Emekçi kadının çilesi bitmek nedir bilmez. Hayatın zorluklarını omuzlarında taşır. Ev işi, çocuk bakımı hele bir de çalışıyorsa o zaman taşıdığı yük üçe beşe katlanıyor. Bir kadın için annelik çok önemli bir duygudur. Çocuğunu dünyaya getirir ona tam doyamadan fabrikanın yolunu tutar. Bir yandan çalışır bir yandan aklı yavrusundadır.
Mesela Aynur bir fabrika işçisidir, iki küçük oğlunu düşündükçe gözleri dolar ve ağzından cümleler dökülmeye başlar: “Hem çalışmak hem de annelik çok zor. Ama ben onların geleceği için çalışıyorum daha iyi yaşasınlar diye bırakıp geliyorum.”
Dilber: (Bir ah çekerek) “Üzülme arkadaşım dertlerimiz ortak. Ben kızıma hamileyken çalışıyordum doğum izninden sonra kızımı anneme bırakıp tekrar işe başladım. Şu an 14 yaşında, anne-kız ilişkimiz olamadı. Onun büyüdüğünü göremedim, hasta olduğunda her defasında yanına koşamadım. Çok ağladı arkamdan ‘anne beni bırakıp gitme’ diye. Hangi anne çocuğunu ağlayarak bırakır. Bu para yok mu bu para? Bizi kendine muhtaç ettiren para, yoksulluk, yakamızı bırakmıyor.”
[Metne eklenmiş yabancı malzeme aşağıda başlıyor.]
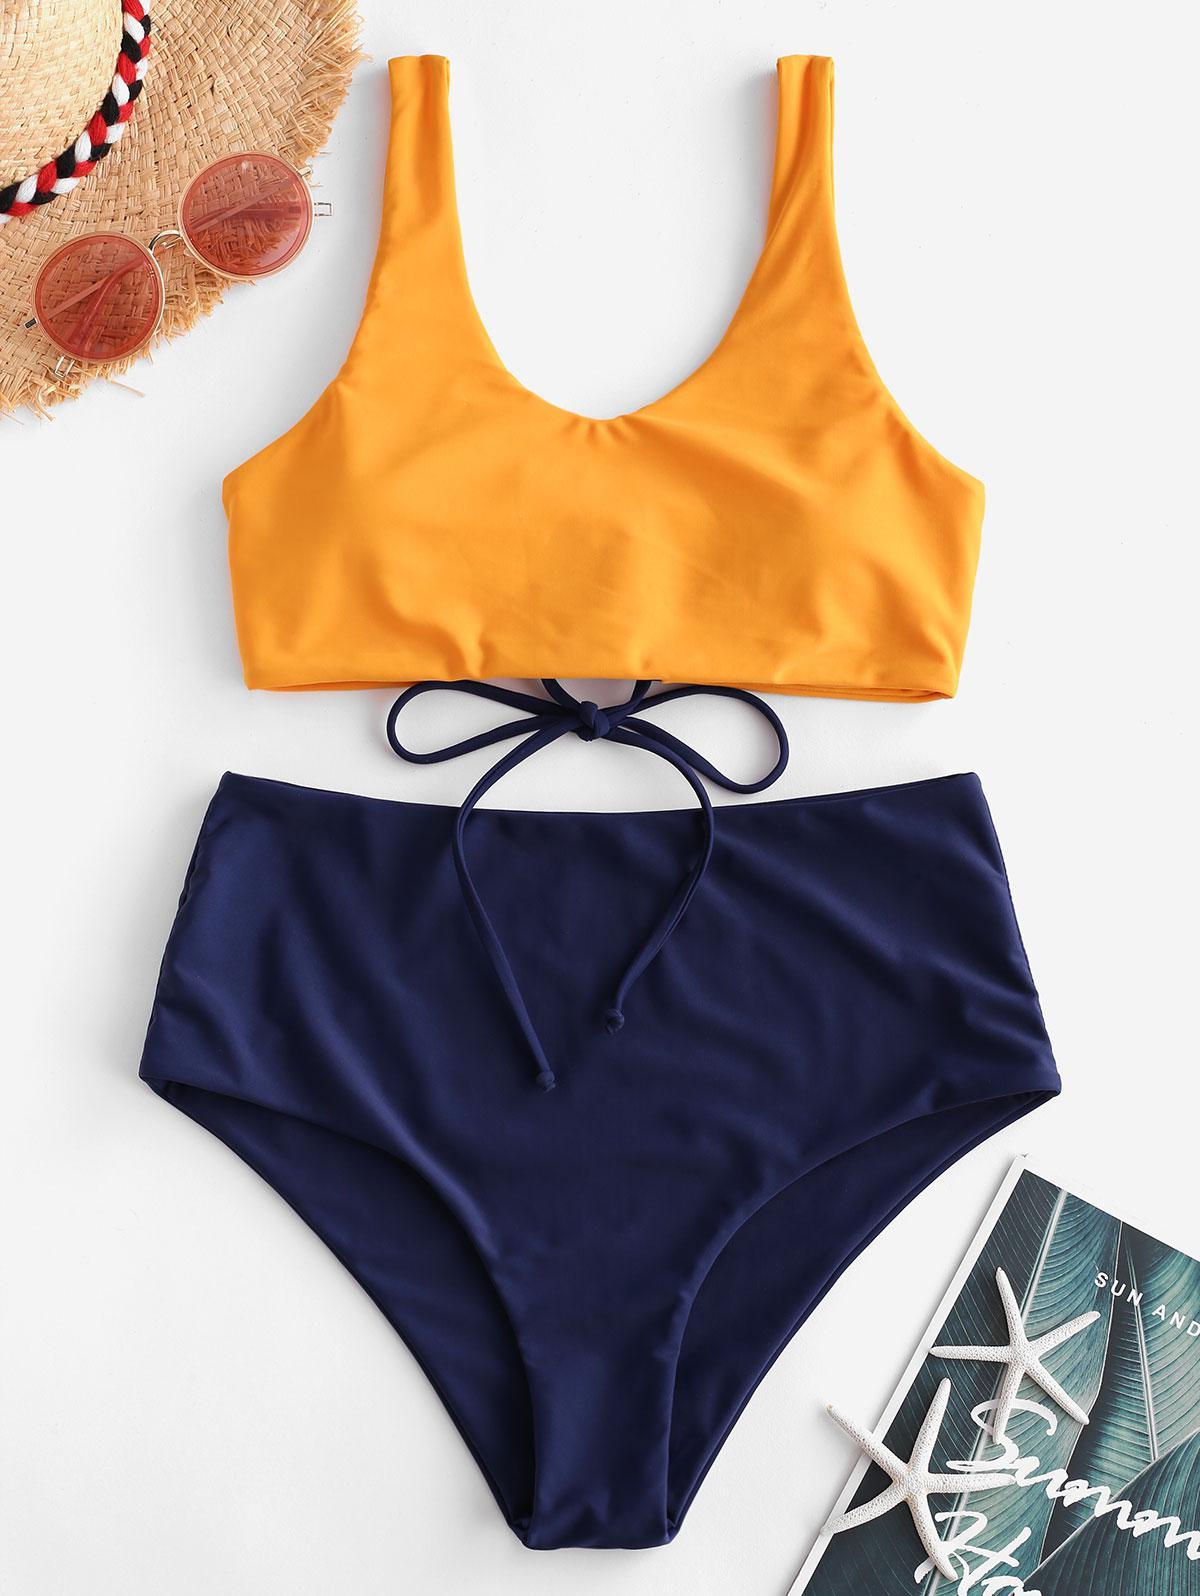 ZAFUL Lace-up Mix and Match Tank Bikini Swimsuit, Lapis blue

Birsen: (Onun da sorunu aynıdır) “Sormayın benim minicik kızım iki yaşında, her sabah ağlıyor ‘anne işe gitme gel, gitme” diyor. Yani anneler çocuklarına hasret çocuklar annelerine hasret.”
Aynur: “Geçen oğlum iki elini yanağına koymuş, dizlerinin üstüne, oturmuş kapıda ‘annem ne zaman gelecek?’ diye, o kadar içim acıdı ki! Küçük bir çocuğun anneye ihtiyacı olduğu dönemlerde yanlarında olamıyoruz. Bu zamanda tek kişinin maaşı yeter mi? Yetmiyor. Çocuklarımızı gözü yaşlı bırakıp geliyoruz işe.”
Dilber: “Ben de şaşırdım, işin yükü, çocuk yükü, evin yükü, geçim derdi. Dağ olsa yıkılır.” Gülerek sözlerine devam ediyor: “Ama kadınlar yıkılmıyor kadınlar güçlü canım, yoksa kim dayanır bunca şeye? Erkekler bu yükün altından kalkamazlar.”
Emekçi kadınlar yaşamın yarısıdır, hayatın her alanında kadının emeği vardır. İşçi sınıfının kadınları tek tek sorunlarının üstesinden gelemezler, çocuklarına iyi bir gelecek veremezler. Kadın işçiler birlikte ve örgütlü olduklarında güçlüler. Emekçi kadınlar nasıl ki yaşamın yarısıysa mücadelede de ön saflarda olmalılar.